Is the process model correct?
Naive approach based on classification - Using confusion matrix, maximize number of True Positives and True Negatives while minimizing
number of False positives and negatives. This can also be a Venn-Diagram.
The idea is to have high recall and precision. The problem is that the model and even the event log is more than likely a very small subset
of all the possible traces.
There are also no negative examples, since the log only contains what did happen.
A loop will also make an infinite number of traces.
The idea is to try to find a model that deals with what can probably happen.
The goal is to get a model that has fitness, precision, simplicity, and generalization. Fitness means it should be able to explain the observed behavior without being too complex or general (the paperwork goes into accounting and comes out) for example.
If a model is not fit, there is a good chance that the next trace will not fit the model.
If the model is not precise, there is a good change that behaviors that are not viewed in the log will be possible.
If a model is over-fitting, there is a good chance that the next trace will not fit the model.
Note that there is also a concept of not being general enough because there is not enough information in the first place. In other
words, there weren't enough event logs to make a good model. The question is what is enough information to make a decision. In the
lecture, he went from 1 or two traces to 50-100 traces as an indication that the generalization is good.
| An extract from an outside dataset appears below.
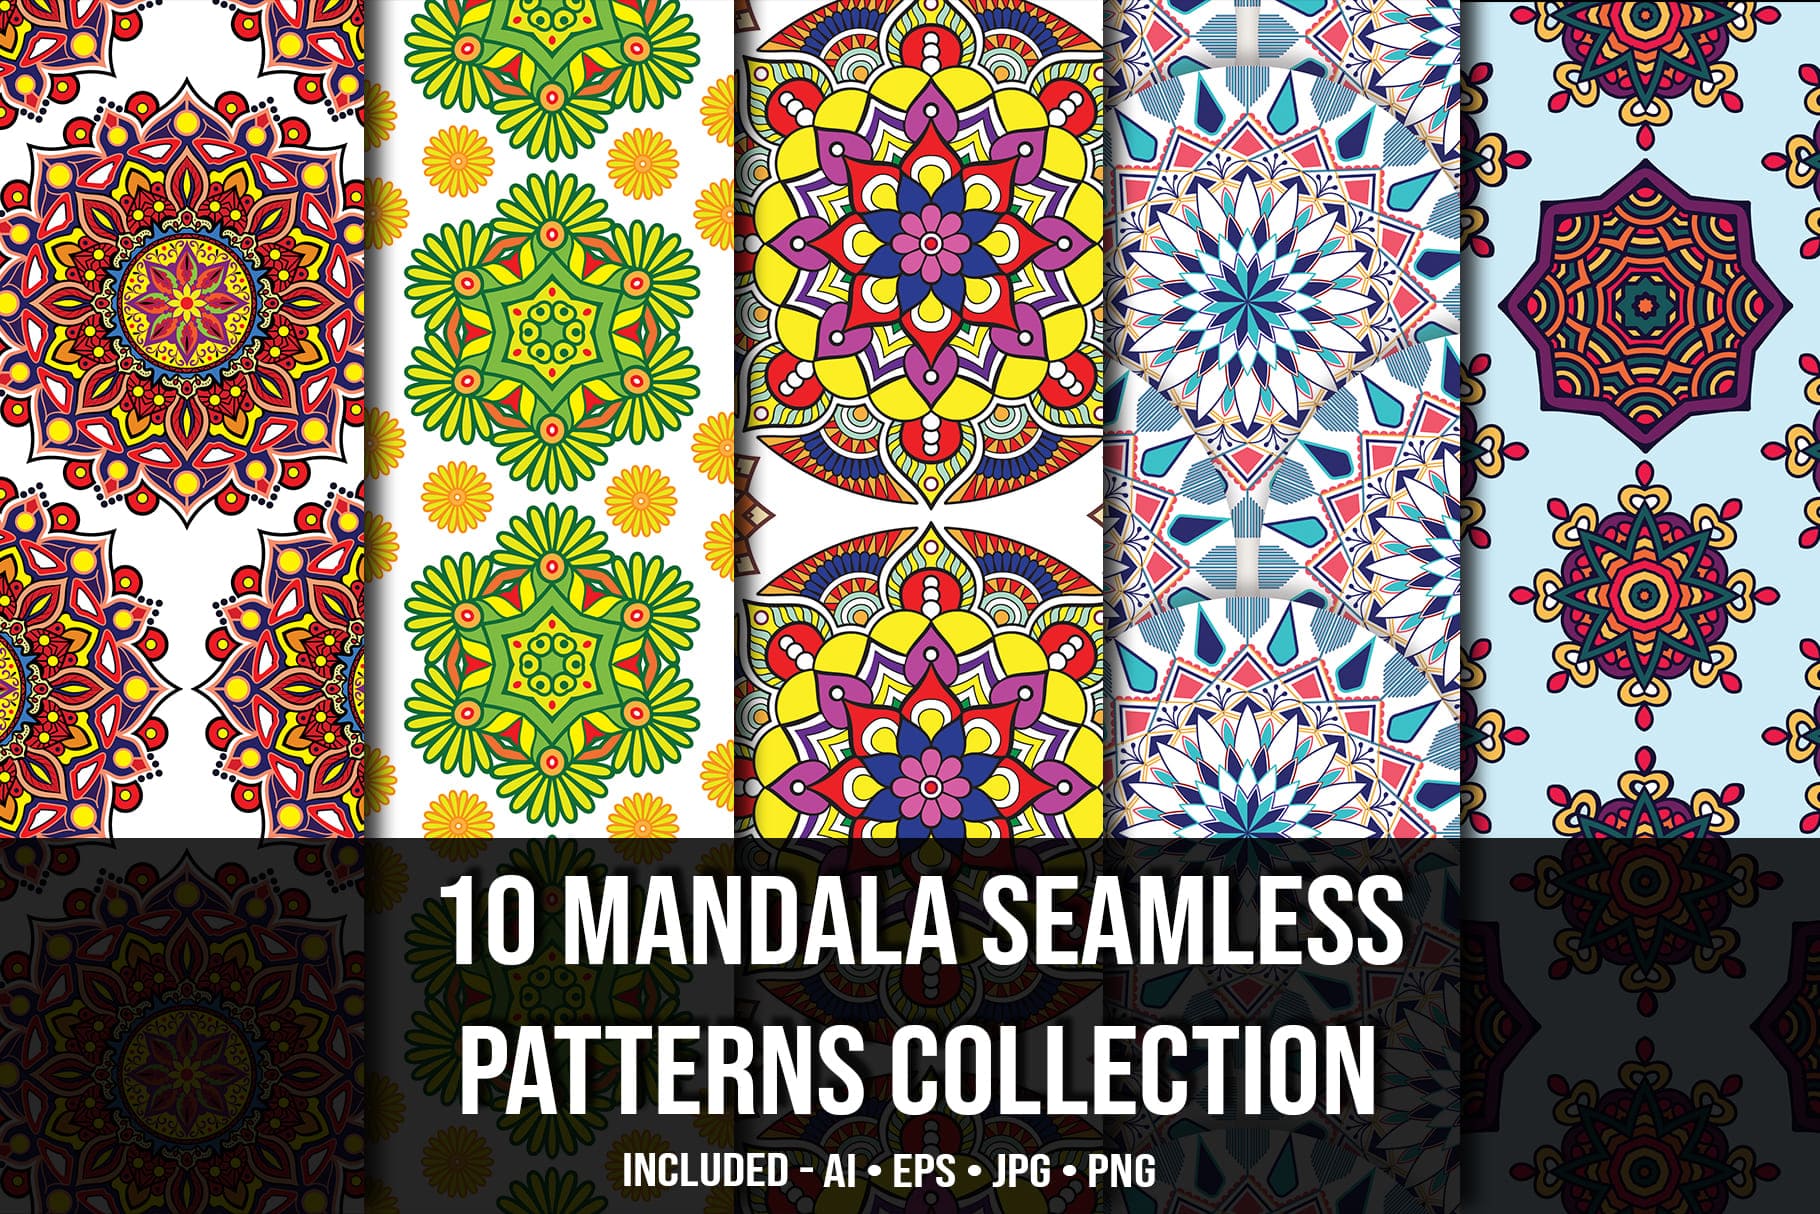 Main image.Mandala Seamless Patterns Collection.

The question is to be able to write a model that can explain most(all?) of the current traces and predict the future while not being overly complicated from outlying traces.
This is a widespread notation and one of the goals is to map the final business process into a BPMN. It has advanced elements like an or-split and timer/event based XOR gateways.
A dependency graph has nodes and arcs where the arc is a relationship between two activities. The arcs can be annotated with frequency or confidence/certainty. The dependency graph loses a lot of the semantics of a Petri-net, specifically, the and and or joins.
Causal Nets (C-Net) have more semantics, where there is a representation of the joins.
Converting between a C-Net and a WF-Net requires silent bindings.
One of the differences between this and the alpha algorithm is that frequency matters.
Causality also matters. Count the number of times that A is followed by B, minus the number of times that B is followed by A, divided by the sum of these two number + 1. There is also a case where A=B. If the number is closed to 1, then there is a strong causality
There must be a threshold to indicate that this should be included.
$$ \lvert a \gt _Lb \rvert = \sum_{\sigma \in L} L(\sigma) \times \lvert\{1 \le i \lt \lvert \sigma \rvert \; \lvert \sigma(i) = a \wedge \sigma(i + 1) = b \} \rvert $$
$$ \lvert a \Rightarrow _Lb \rvert =
\begin{cases}
\frac {\lvert a \gt _Lb \rvert -\lvert b \gt _La \rvert} {\lvert a \gt _Lb \rvert -\lvert b \gt _La \rvert + 1} , & \text{if $a$ } \neq \text {$b$} \\
\frac {\lvert a \gt _Lb \rvert} {\lvert a \gt _Lb \rvert + 1}, & \text{if $a$ = $b$}
\end{cases}$$
Work on finding the split join behavior.
Learning Transition System. An event log consists of traces. A state can be define as what happened in the past and what is going to happen in the future.
There are various ways to look at a trace. One is just {a,b,c,d,e} where the order and frequency don't matter. A multiset extraction captures the number of times something has been executed in the past, but not the order \( [a,b,c^3,d^3,e] \)
A k-tail looks at the k past events. k-Tail can be combined with the other 3 extractions.